I have object Reports and ReportSubscriber and I want to count number of subscribers of a Report.
One solution is annotating. I have lots of reports so annotating all of them takes ~6 seconds, so I thought maybe it's better to annotate after paginating:
filter_search = ReportFilter(request.GET, queryset=Report.objects.filter(
created_at__gt=start_date,
created_at__lte=end_date,
is_confirmed__exact=True,
).annotate(sub_count=Count("reportsubscriber")).order_by('-sub_count'))
paginator = Paginator(filter_search, 20)
result = paginator.page(1).object_list.annotate(
sub_count=Count("reportsubscriber"))
It worked, but it took the same time and when I checked queries, it actually still went through all rows in report_subscriber table. So I tried using .extra()
filter_search = ReportFilter(request.GET, queryset=Report.objects.filter(
created_at__gt=start_date,
created_at__lte=end_date,
is_confirmed__exact=True,
))
paginator = Paginator(filter_search, 20)
paged_reports = paginator.page(1)
result = filter_search.qs.extra(
select={
'sub_count': 'SELECT COUNT(*) FROM reports LEFT OUTER JOIN report_subscribers \
ON (reports.id = report_subscribers.id) \
WHERE reports.id = report_subscribers.id \
AND report_subscribers.report_id IN %s \
' % "(%s)" % ",".join([str(r.id) for r in paged_reports.object_list])
},
order_by=['sub_count']
)
But this still didn't worked. I got one static number of subscribers for all reports. What am I missing, and maybe there are better ways to accomplish this? Thanks
I can't give you a definitive answer, I believe your problem is that even when paginated, your entire query must be executed so that the paginator knows how many pages there are. I should think you'll be better off getting rid of the annotation before pagination:
filter_search = ReportFilter(request.GET, queryset=Report.objects.filter(
created_at__gt=start_date,
created_at__lte=end_date,
is_confirmed__exact=True,
).order_by('-sub_count'))
paginator = Paginator(filter_search, 20)
result = paginator.page(1).object_list.annotate(
sub_count=Count("reportsubscriber"))
I trust from your example that object_list
is a queryset that you can annotate
, but if it's just a list
of objects, you can annotate each page of results with something like:
pageIds = [report.id for report in paginator.page(1).object_list]

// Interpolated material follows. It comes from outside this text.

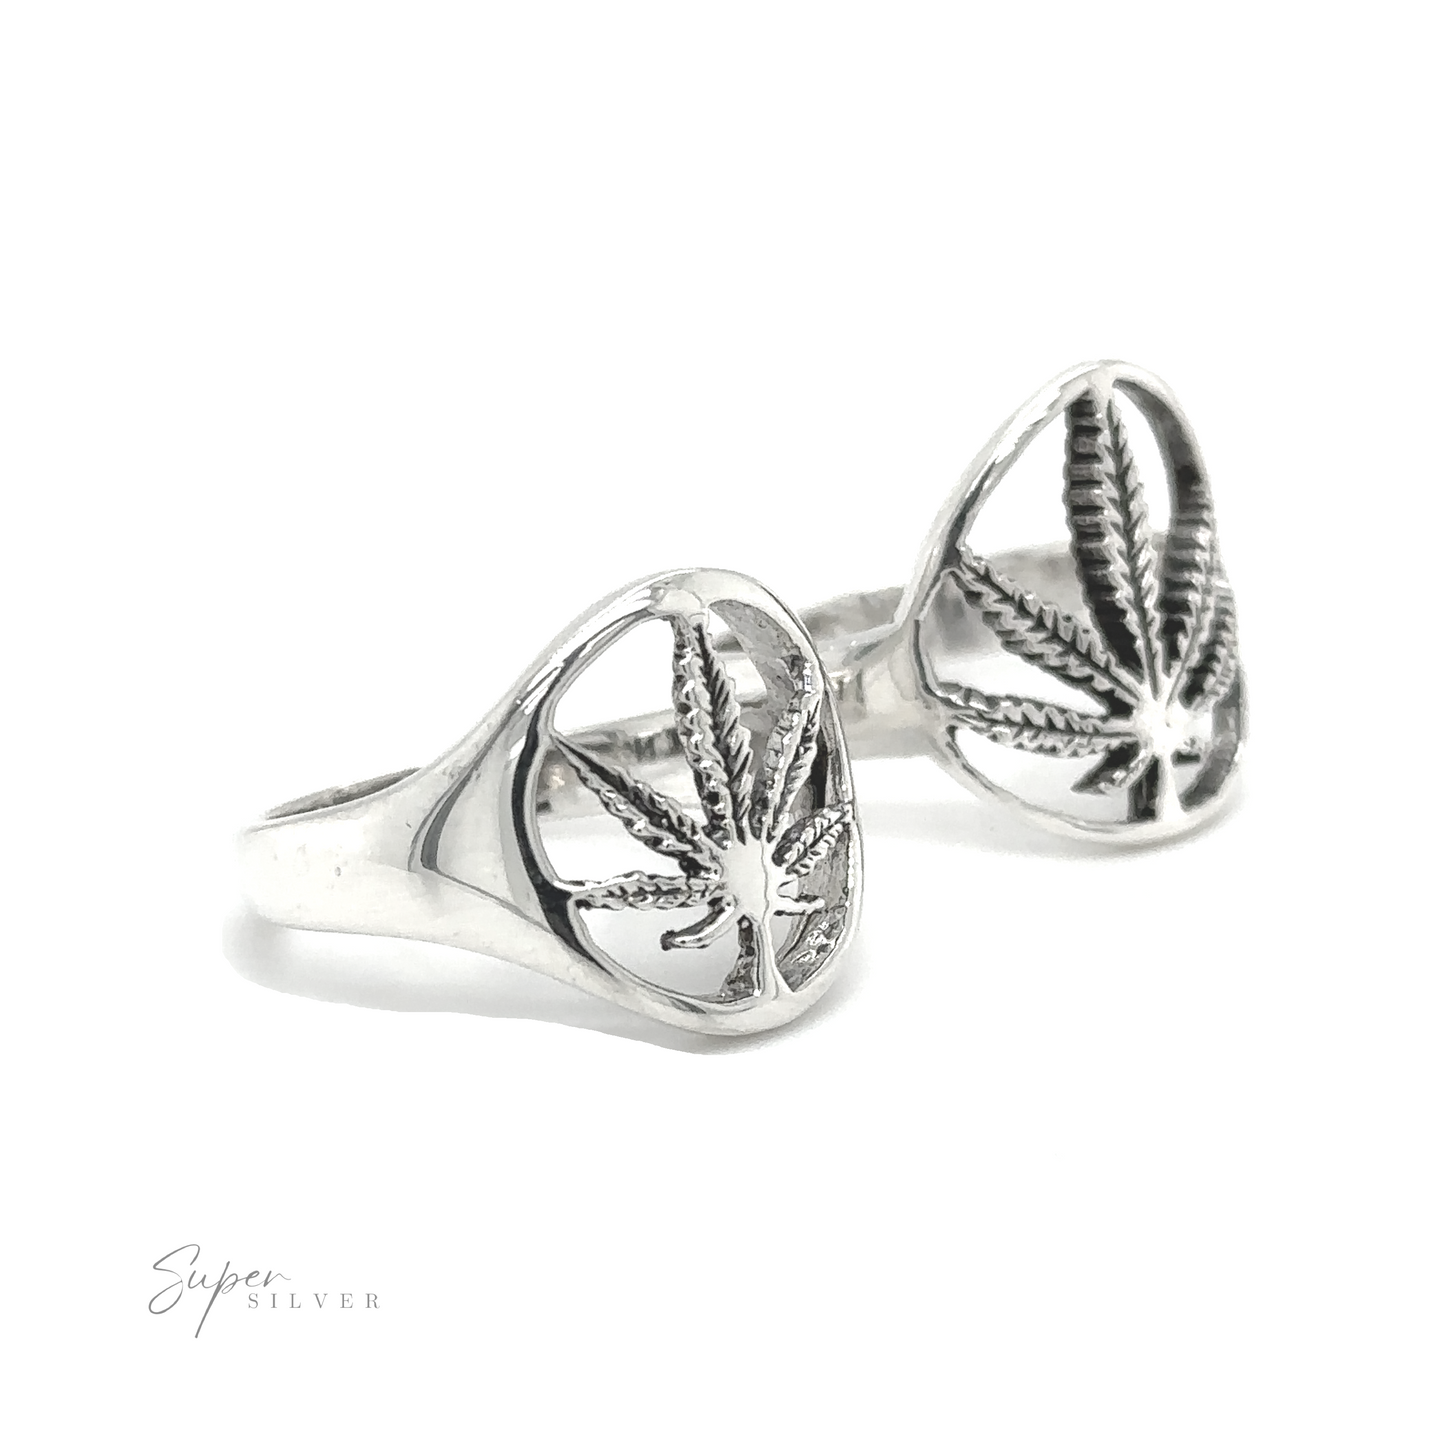 A pair of Outlined Mary Jane Leaf Rings with stoner vibes.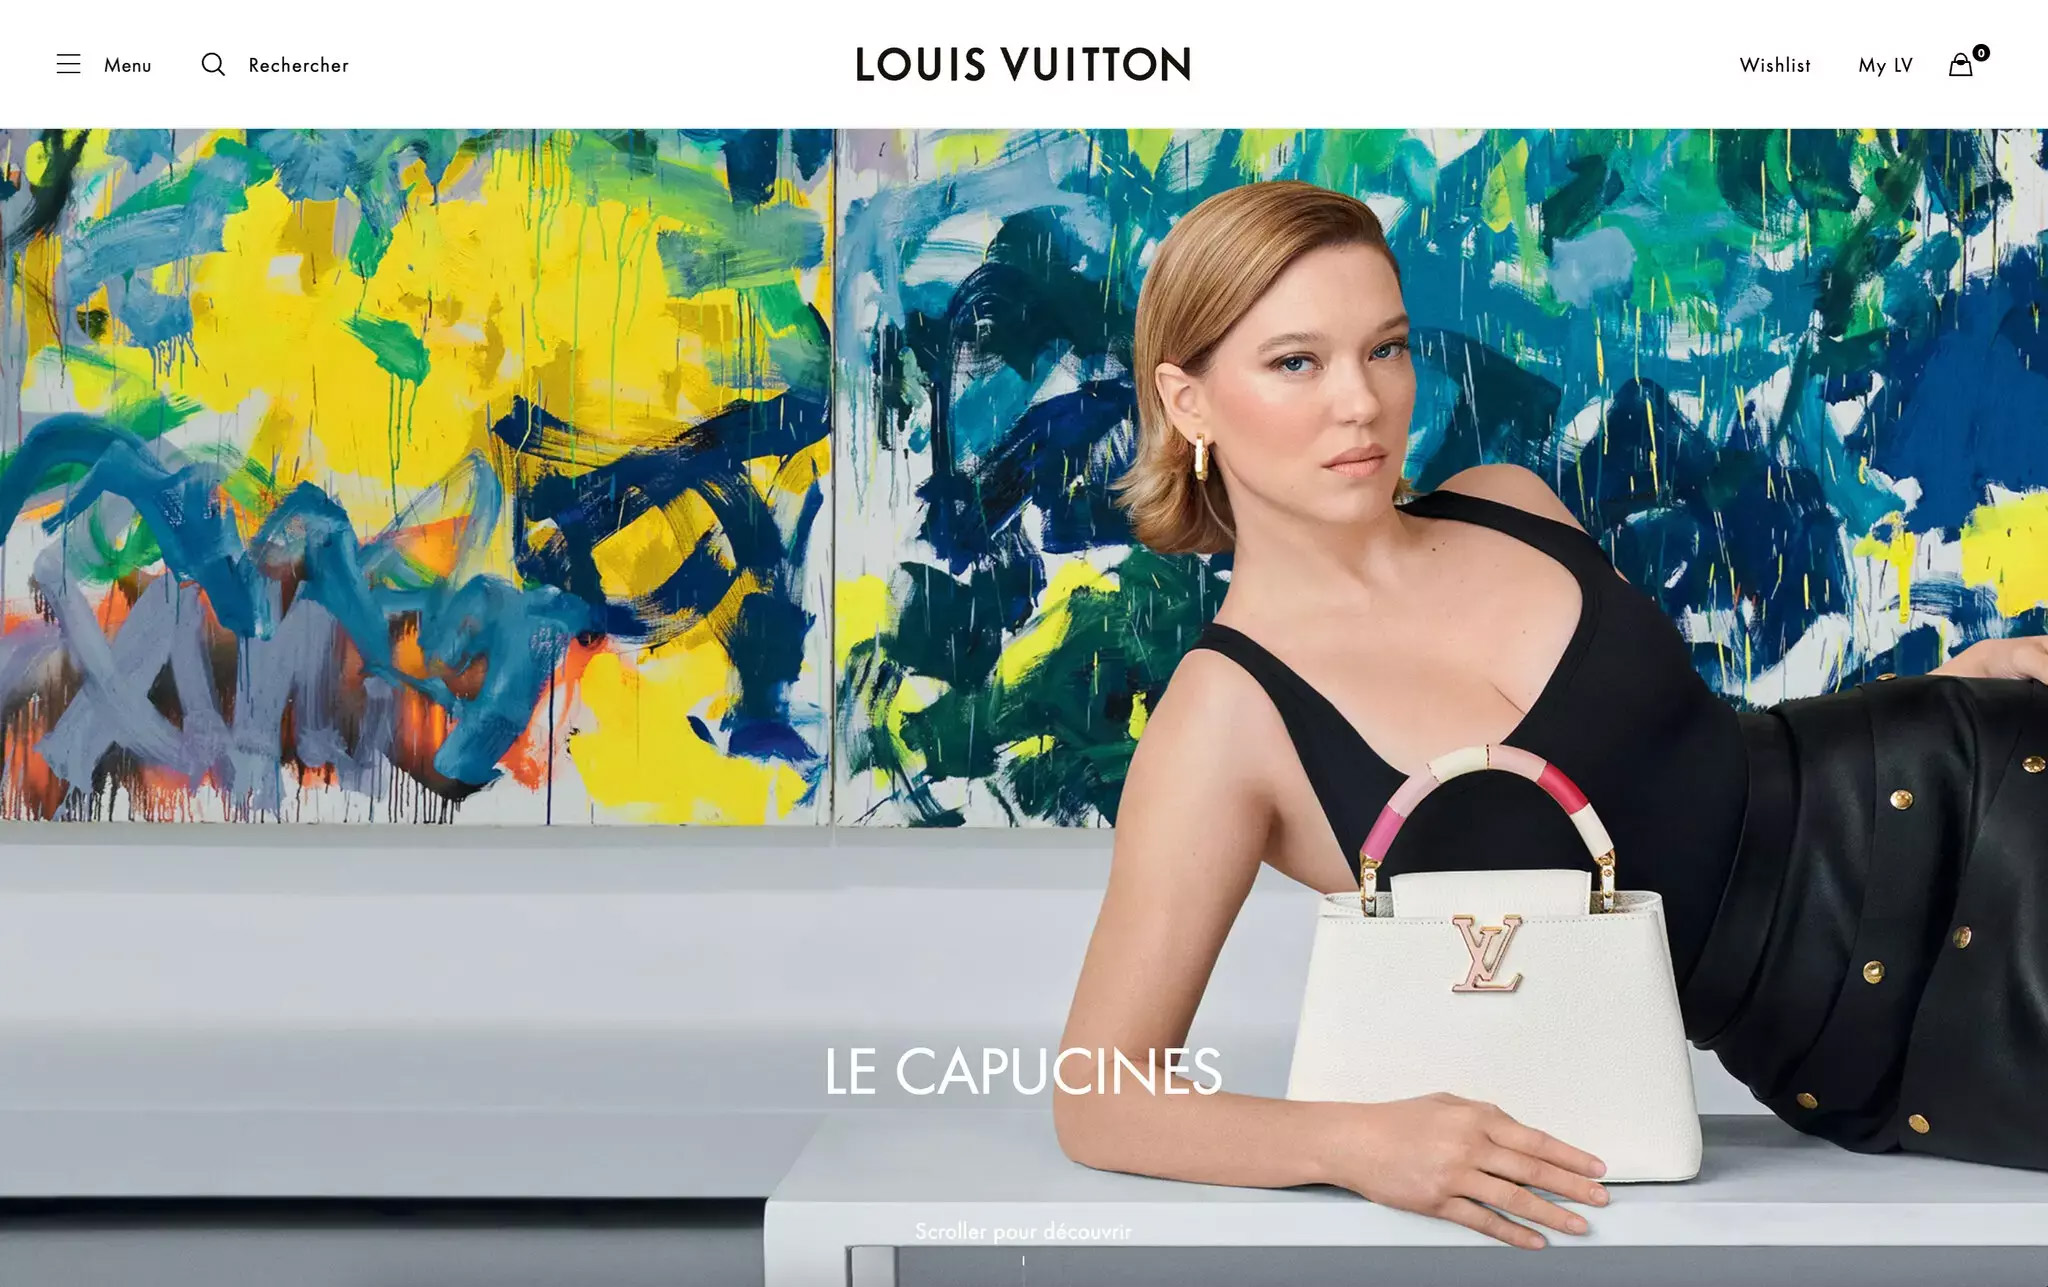 Joan Mitchell foundation threatens legal action over Louis Vuitton

result = Report.objects.filter(id__in=pageIds).annotate(
sub_count=Count("reportsubscriber"))
But this is all shooting in the dark. Nothing you're doing looks too crazy, so unless your dataset is huge, I can only imagine that your problem is a poorly indexed query. You really will want to profile the actual query that's being generated. You can get the SQL by executing from your project Django shell for a given start_date
and end_data
:
Report.objects.filter(
created_at__gt=start_date,
created_at__lte=end_date,
is_confirmed__exact=True,
).order_by('-sub_count').query
And then run the same query from the PSQL command line on your database using EXPLAIN. You'll have to do a bit of reading to figure out how to interpret the results.